## Task to carry out
Once you find the line with "Pin By Mandy" in the data that follows, repeat it and every line after it exactly, through the line with "LA logo los".
____ Data shown
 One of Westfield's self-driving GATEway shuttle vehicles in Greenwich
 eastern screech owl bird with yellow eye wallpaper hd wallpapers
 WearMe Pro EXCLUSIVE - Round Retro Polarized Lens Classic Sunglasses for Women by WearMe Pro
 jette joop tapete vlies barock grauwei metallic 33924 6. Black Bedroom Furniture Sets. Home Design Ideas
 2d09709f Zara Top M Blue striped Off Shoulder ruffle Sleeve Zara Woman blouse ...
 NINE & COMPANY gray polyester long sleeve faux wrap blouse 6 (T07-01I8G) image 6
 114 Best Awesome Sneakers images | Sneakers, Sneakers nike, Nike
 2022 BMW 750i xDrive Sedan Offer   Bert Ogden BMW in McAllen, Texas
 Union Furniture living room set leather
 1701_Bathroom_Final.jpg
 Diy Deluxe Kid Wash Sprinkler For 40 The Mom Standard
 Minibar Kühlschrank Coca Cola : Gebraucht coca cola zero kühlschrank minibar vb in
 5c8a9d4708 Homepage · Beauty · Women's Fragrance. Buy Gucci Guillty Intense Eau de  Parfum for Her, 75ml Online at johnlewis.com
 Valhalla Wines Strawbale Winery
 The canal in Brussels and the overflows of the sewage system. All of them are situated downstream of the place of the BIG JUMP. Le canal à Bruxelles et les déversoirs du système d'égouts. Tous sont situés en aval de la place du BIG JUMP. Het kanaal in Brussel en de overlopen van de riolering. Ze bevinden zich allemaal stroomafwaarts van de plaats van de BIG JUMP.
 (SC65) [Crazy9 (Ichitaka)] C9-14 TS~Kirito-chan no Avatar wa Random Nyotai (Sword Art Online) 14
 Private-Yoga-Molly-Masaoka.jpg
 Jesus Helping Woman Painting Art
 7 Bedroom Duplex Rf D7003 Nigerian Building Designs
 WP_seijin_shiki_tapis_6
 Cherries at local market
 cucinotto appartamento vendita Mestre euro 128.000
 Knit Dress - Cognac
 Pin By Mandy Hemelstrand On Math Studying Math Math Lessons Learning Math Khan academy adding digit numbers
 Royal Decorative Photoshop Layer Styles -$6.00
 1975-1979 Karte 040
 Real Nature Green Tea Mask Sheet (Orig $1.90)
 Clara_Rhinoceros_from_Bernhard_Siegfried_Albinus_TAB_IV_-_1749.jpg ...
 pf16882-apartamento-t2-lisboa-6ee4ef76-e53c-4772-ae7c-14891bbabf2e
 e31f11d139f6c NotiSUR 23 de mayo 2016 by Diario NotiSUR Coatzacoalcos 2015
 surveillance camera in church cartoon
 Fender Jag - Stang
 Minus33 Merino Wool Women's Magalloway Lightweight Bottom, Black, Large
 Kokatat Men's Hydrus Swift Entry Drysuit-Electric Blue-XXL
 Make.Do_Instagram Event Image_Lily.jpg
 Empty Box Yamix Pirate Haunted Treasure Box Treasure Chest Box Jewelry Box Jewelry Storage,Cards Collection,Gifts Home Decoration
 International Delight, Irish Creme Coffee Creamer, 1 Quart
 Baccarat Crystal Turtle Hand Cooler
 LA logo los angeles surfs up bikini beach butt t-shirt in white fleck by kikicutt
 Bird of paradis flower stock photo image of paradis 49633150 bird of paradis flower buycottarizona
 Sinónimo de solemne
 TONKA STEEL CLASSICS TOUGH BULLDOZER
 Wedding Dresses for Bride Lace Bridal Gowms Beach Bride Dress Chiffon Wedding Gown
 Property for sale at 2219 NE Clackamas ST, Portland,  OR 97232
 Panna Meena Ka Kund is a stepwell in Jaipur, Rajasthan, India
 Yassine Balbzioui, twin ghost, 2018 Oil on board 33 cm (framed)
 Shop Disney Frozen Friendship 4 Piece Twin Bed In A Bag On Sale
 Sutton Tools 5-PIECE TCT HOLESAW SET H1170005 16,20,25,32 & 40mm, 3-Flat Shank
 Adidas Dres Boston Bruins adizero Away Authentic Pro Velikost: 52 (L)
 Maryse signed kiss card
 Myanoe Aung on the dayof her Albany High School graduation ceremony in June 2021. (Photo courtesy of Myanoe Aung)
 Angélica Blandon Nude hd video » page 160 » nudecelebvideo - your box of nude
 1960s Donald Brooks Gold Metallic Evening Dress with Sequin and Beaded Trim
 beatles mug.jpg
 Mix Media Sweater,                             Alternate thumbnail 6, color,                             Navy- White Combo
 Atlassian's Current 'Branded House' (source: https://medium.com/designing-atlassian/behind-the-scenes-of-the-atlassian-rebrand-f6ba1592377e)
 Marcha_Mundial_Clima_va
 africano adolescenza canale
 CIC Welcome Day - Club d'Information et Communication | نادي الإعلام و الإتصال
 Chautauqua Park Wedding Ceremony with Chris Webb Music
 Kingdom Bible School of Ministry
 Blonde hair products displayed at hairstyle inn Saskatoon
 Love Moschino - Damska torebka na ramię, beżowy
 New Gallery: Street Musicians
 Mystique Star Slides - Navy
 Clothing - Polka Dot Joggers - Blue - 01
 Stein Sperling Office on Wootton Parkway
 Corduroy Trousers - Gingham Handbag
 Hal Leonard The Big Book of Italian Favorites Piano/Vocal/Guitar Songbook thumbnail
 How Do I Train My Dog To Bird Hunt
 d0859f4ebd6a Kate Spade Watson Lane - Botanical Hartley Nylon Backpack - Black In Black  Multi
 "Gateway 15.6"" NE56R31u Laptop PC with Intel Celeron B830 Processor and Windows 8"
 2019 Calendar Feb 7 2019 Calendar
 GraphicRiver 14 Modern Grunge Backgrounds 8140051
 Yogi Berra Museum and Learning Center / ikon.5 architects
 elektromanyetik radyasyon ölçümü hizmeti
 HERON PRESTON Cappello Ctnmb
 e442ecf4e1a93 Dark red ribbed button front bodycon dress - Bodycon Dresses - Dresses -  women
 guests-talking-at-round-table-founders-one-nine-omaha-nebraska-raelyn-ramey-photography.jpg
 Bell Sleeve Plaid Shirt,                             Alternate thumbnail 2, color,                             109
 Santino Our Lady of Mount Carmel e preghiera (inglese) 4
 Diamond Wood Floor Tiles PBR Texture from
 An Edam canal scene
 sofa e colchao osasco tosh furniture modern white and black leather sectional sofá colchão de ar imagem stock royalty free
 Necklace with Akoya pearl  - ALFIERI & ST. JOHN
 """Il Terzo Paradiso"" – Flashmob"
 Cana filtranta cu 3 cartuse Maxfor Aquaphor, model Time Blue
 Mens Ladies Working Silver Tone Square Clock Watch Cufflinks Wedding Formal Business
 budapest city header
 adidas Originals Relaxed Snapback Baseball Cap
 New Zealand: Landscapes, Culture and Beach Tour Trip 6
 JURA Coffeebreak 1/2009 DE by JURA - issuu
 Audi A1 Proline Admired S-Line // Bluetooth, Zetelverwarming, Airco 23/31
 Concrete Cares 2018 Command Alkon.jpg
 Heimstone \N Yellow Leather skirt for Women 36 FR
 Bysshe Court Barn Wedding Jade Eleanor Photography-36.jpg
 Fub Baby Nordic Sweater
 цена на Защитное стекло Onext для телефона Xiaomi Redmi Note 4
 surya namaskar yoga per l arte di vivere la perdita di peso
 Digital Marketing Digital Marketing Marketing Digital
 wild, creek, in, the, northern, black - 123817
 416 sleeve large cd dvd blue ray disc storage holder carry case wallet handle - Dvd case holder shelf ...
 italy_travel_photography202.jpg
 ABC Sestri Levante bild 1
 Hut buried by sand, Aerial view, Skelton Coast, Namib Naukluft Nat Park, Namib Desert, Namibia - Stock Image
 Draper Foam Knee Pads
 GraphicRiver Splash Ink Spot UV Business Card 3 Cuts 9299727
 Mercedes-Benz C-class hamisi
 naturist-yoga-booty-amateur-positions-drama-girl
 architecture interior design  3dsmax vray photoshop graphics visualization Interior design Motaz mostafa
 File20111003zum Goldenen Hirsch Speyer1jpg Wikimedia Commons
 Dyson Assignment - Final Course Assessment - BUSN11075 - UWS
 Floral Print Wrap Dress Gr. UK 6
________
## Task solution
 Pin By Mandy Hemelstrand On Math Studying Math Math Lessons Learning Math Khan academy adding digit numbers
 Royal Decorative Photoshop Layer Styles -$6.00
 1975-1979 Karte 040
 Real Nature Green Tea Mask Sheet (Orig $1.90)
 Clara_Rhinoceros_from_Bernhard_Siegfried_Albinus_TAB_IV_-_1749.jpg ...
 pf16882-apartamento-t2-lisboa-6ee4ef76-e53c-4772-ae7c-14891bbabf2e
 e31f11d139f6c NotiSUR 23 de mayo 2016 by Diario NotiSUR Coatzacoalcos 2015
 surveillance camera in church cartoon
 Fender Jag - Stang
 Minus33 Merino Wool Women's Magalloway Lightweight Bottom, Black, Large
 Kokatat Men's Hydrus Swift Entry Drysuit-Electric Blue-XXL
 Make.Do_Instagram Event Image_Lily.jpg
 Empty Box Yamix Pirate Haunted Treasure Box Treasure Chest Box Jewelry Box Jewelry Storage,Cards Collection,Gifts Home Decoration
 International Delight, Irish Creme Coffee Creamer, 1 Quart
 Baccarat Crystal Turtle Hand Cooler
 LA logo los angeles surfs up bikini beach butt t-shirt in white fleck by kikicutt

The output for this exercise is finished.